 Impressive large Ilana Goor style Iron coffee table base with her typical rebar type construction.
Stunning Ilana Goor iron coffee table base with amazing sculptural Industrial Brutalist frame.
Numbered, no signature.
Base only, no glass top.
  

==

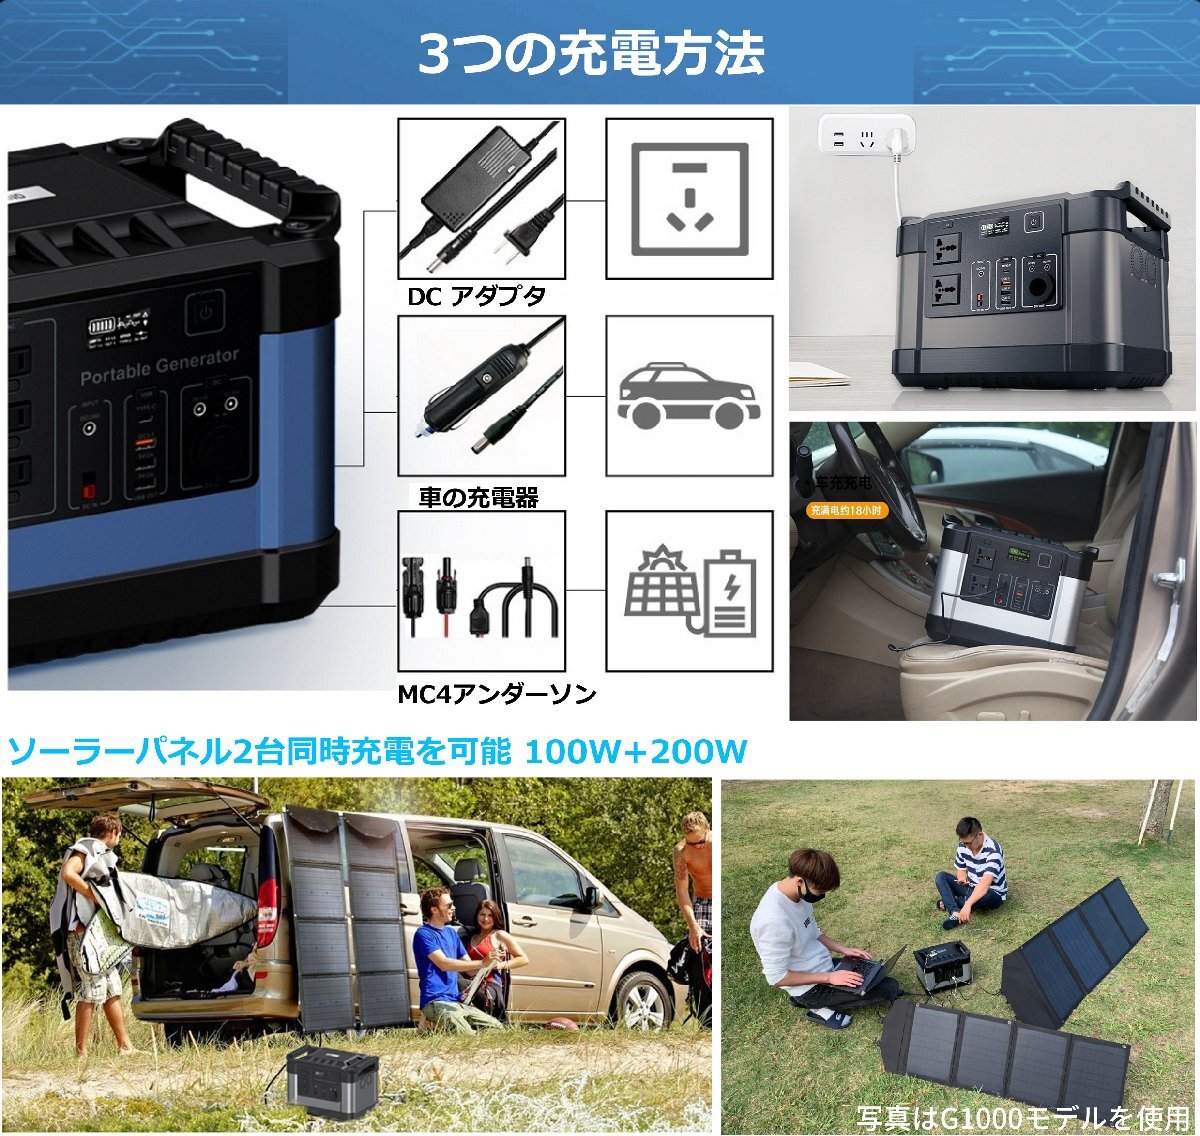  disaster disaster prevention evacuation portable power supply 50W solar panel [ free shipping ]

# [Task prompt]
Give back exactly the lines above starting at the line where "Impressive large Ilana" appears and ending at the line where "Base only, no glass top." appears, both included, with no other lines.

# [Answer]
 Impressive large Ilana Goor style Iron coffee table base with her typical rebar type construction.
Stunning Ilana Goor iron coffee table base with amazing sculptural Industrial Brutalist frame.
Numbered, no signature.
Base only, no glass top.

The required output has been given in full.